# Simon Cowell



## Blake Bowden (Aug 18, 2009)

Humm...notice anything?


----------



## owls84 (Aug 18, 2009)

Are you serious? I wonder if that is his.


----------



## Wingnut (Aug 18, 2009)

dang blocked


----------



## JTM (Aug 18, 2009)

that doesn't stand out at all...


----------



## JTM (Aug 18, 2009)

there is one hole in this story though... they don't use the G in europe, iirc.


----------



## owls84 (Aug 18, 2009)

Do I notice anything???? Yeah, his life jacket is not properly secured...what else is there?


----------



## JTM (Aug 18, 2009)

it would also seem as if the buckles are messed up (not put on correctly).


----------



## TCShelton (Aug 18, 2009)

JTM said:


> they don't use the G in europe, iirc.



Maybe it is a "C," for "Cowell.":beer:


----------



## owls84 (Aug 18, 2009)

Hmmm, I can't quite make it out but is that a double sheet bend knot or the double overhand?
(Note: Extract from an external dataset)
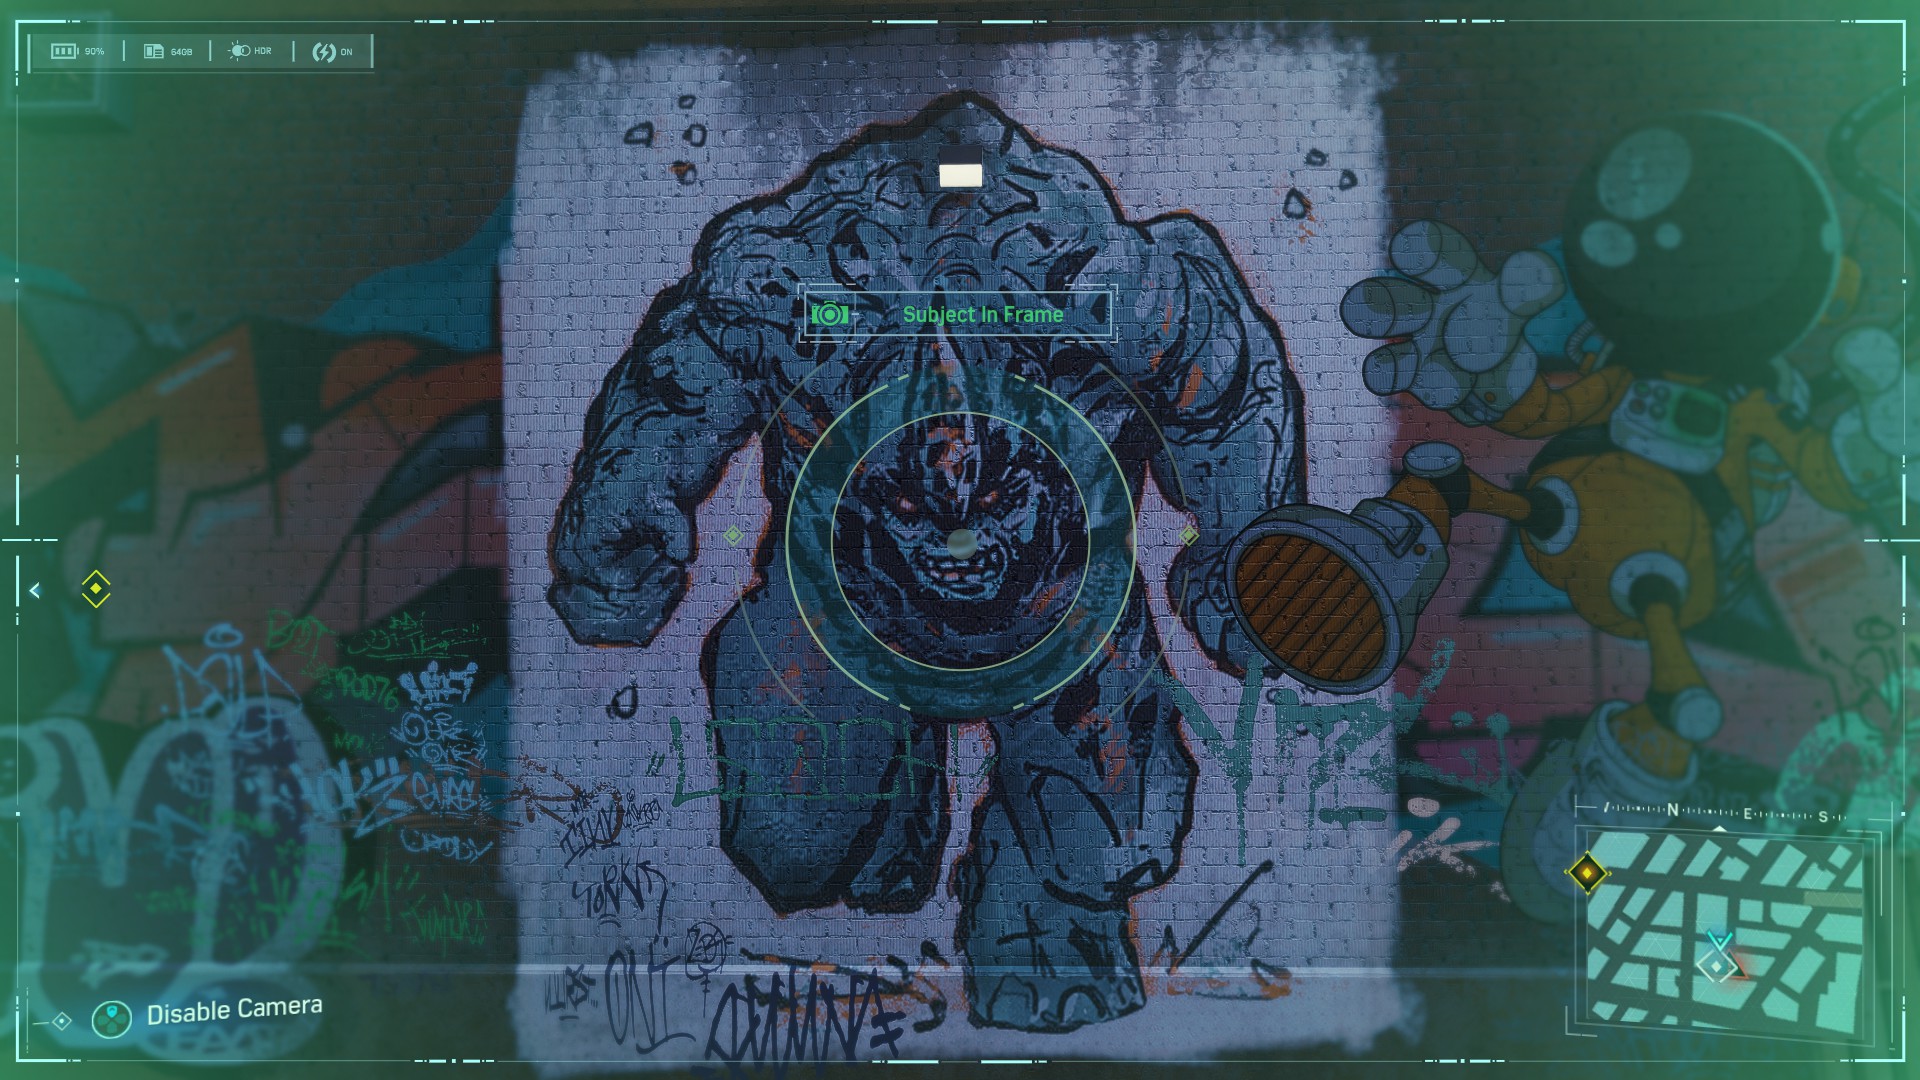 Spider-Man Secret Photo Op of Rhino graffiti

I can't tell.


----------



## Nate Riley (Aug 18, 2009)

JTM said:


> there is one hole in this story though... they don't use the G in europe, iirc.



According to the story that goes along with the picture, he was in Barbados.


----------



## Blake Bowden (Aug 18, 2009)

Yeah, plus it's not a photoshop pic. You can search "Simon Cowell+jet ski" and you'll see numerous shots that include the S&C.


----------



## Nate Riley (Aug 18, 2009)

blake said:


> Yeah, plus it's not a photoshop pic. You can search "Simon Cowell+jet ski" and you'll see numerous shots that include the S&C.



True. That's what I did.  My guess is that it is rented (or borrowed) from a mason down there.


----------